I'm afraid character development didn't strike me as one of the author's strengths. I liked Newt a lot, but if I'm honest, a fair amount of that is probably Squee He's British. He's also one of the only nice characters. I liked Chuck okay for this latter reason, but didn't like most of Thomas' interactions with him, because it seemed like Thomas was mean to him a lot for no reason. Newt, on the other hand, I liked quite a lot. Not only is he capable and nice, he's just begging to be shipped with Alby, enough so to make me actually care about Alby, who kind of laughs in the face of character development.

That's not actually fair to Alby. As with Chuck, I was frustrated by the way Thomas' interactions with him insisted on telling, not showing, about characteristics that I sometimes didn't even agree the characters displayed. I kept having to read about how ANNOYING Chuck is and what a JERK Alby is, and I'm like, look, Thomas, Chuck's actually being nice to you/Alby's under a lot of stress and you're not helping. Cut the guys some slack. Geez.

And then, of course, there's Gally. This is what happened when I read that part of the book:



BOOK: So there's this guy, and he hates our protagonist for no reason. And he's UGLY, with, like, messy dark hair and bad teeth. And he's so mean. Nobody likes him except for, like, his cronies.

ME: So what you are telling me is that this is Severus Snape?

BOOK: No! No, he's -

ME: I BELIEVE IN YOU, SNAPE! I ALWAYS KNEW YOU WERE GOOD!

BOOK: STOP SYMPATHIZING WITH MY STRAWMAN ANTAGONIST.



And it turns out Gally actually had a very real reason to hate Thomas. And what does he get for it? He gets mind-controlled into attacking Thomas, accidentally kills Chuck, and is then beaten into at the very least serious face-breakage by Thomas. (Which, by the way, seemed to me like Thomas maybe failed some kind of test there. He knew that Gally was being mind-controlled, AND that Gally wasn't aiming for Chuck, and Thomas still pummeled Gally until he was dragged away.)

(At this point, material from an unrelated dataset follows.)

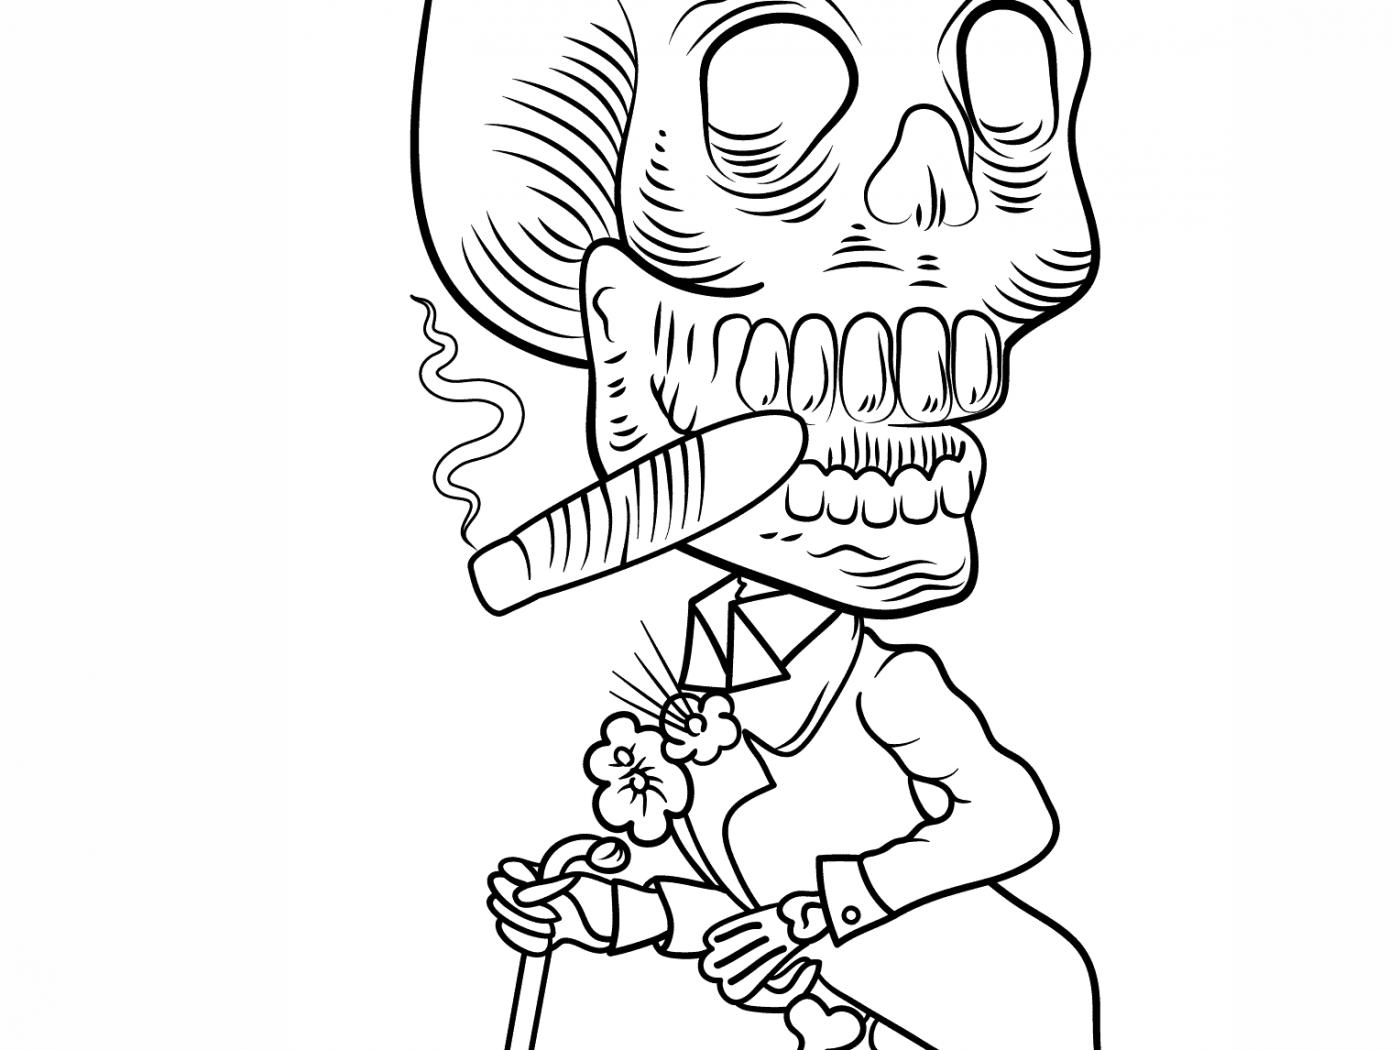 human head anatomy drawing at getdrawings com

And Teresa's entire character development consists of "pretty . . . and telepathic!" (I was surprised by the telepathy business, actually. Not especially bothered, but thrown for a bit of a loop.)

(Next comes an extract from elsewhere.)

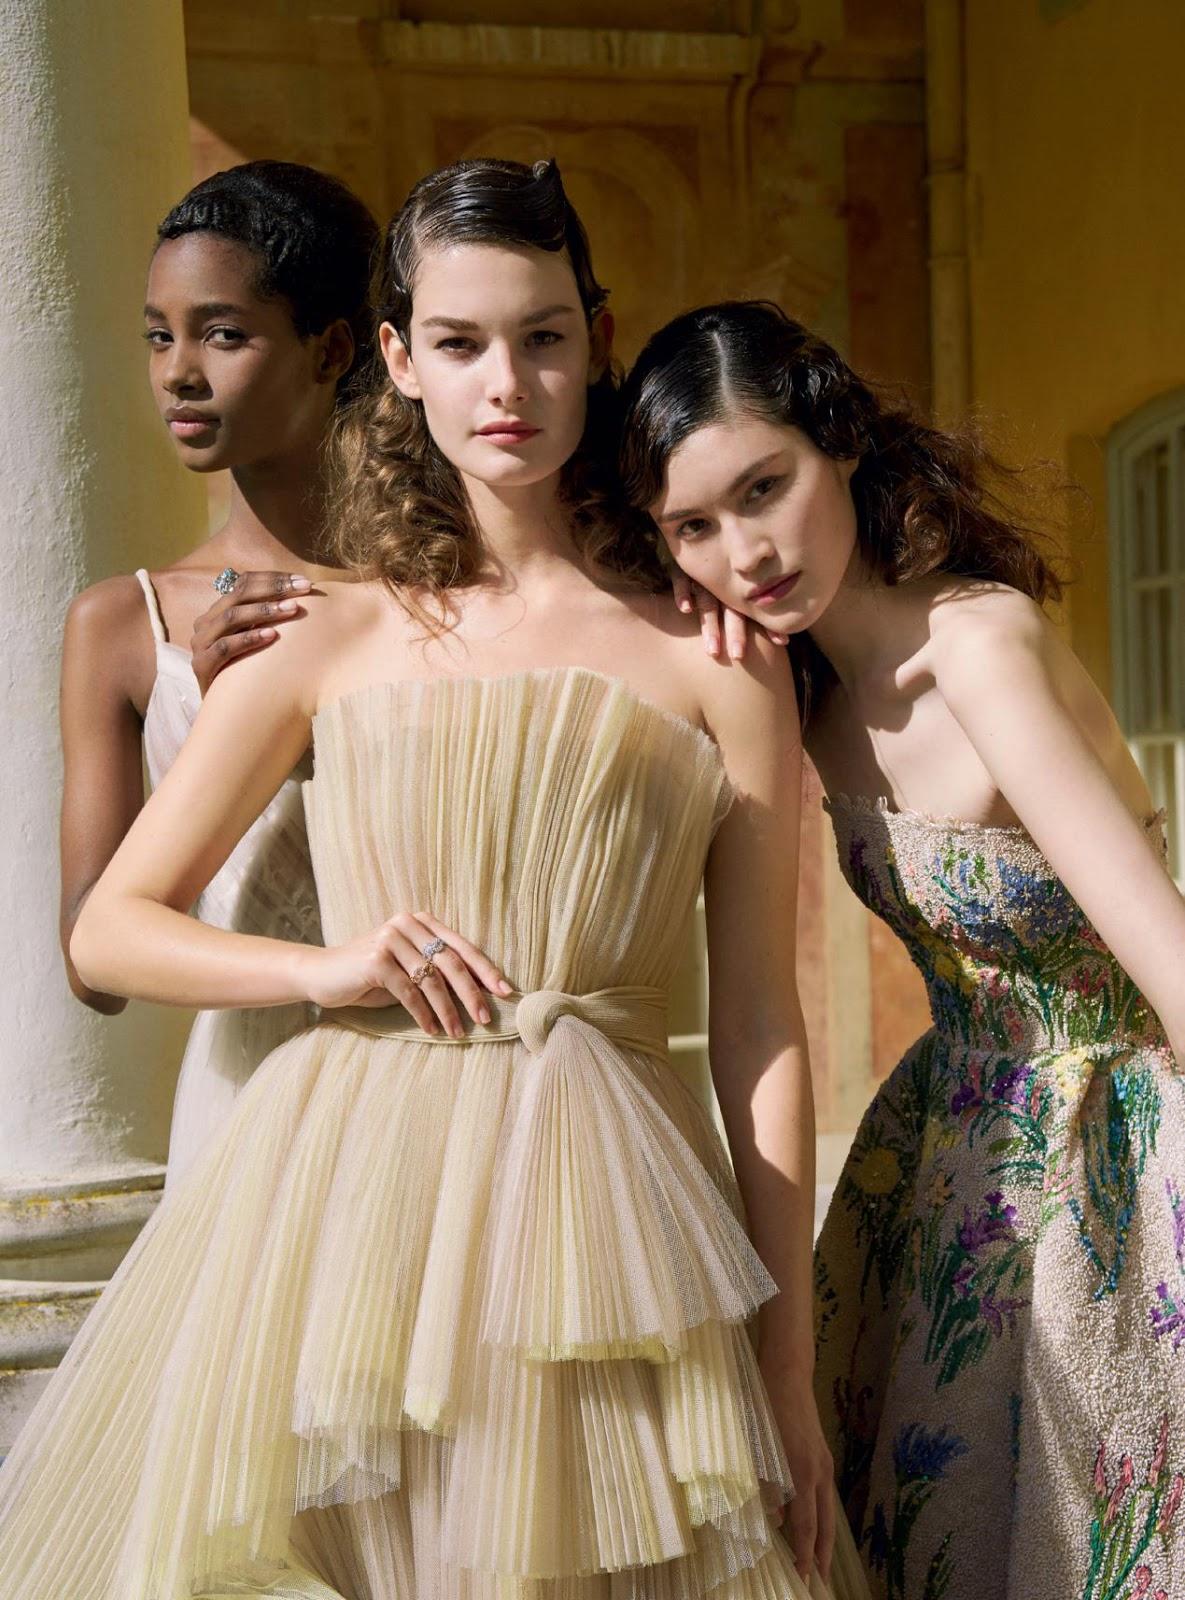 Harper's Bazaar UK June 2017 / модели Tami Williams, Ophelie Guillermand, Sui He / фотограф Erik Madigan Heck

Interesting how we get a number of fake-out deaths before the Bloodbath of Mostly Unnamed Characters toward the end. It makes me wonder whether any of those people are still actually alive. Mostly because I want Newt and Alby to have "yay you're not dead!" happy reunion smoochies, which can't happen if Alby actually is dead.

Don't think I'll be reading the sequels anytime soon, as my to-read list is huge. If I do read them, it won't be for the writing or the characters, but pretty much to find out the deal with WICKED. (Which acronym I recognized looong before the characters did, by the way. Also, have to wonder: what really happens if you get stung by a Griever and don't take the serum? I found characters' lack of explanation/curiosity about that rather disappointing.)

Seriously, though, WICKED - if the world is depopulated and needs geniuses to help cure a plague, I can think of very few things that would be a WORSE idea than putting all the available healthy young geniuses into a situation where many will be killed, and the others will spend years raising pigs and trying to solve an EXTREMELY OVERCOMPLICATED puzzle. Why don't you, I don't know, just let all the geniuses work on trying to cure the plague, rather than trying to determine which ones are best suited to do so? Which you could probably figure out within a few weeks of seeing them working in a lab, anyway.

Indeed, the presumed plan of WICKED throws me into such disbelief that I'm almost sure it's not their true plan. The report at the end of the book seems to support my conclusion. It's for this that I would read the sequel(s).

And, you know, for Newt. Because, hello, British and slashy.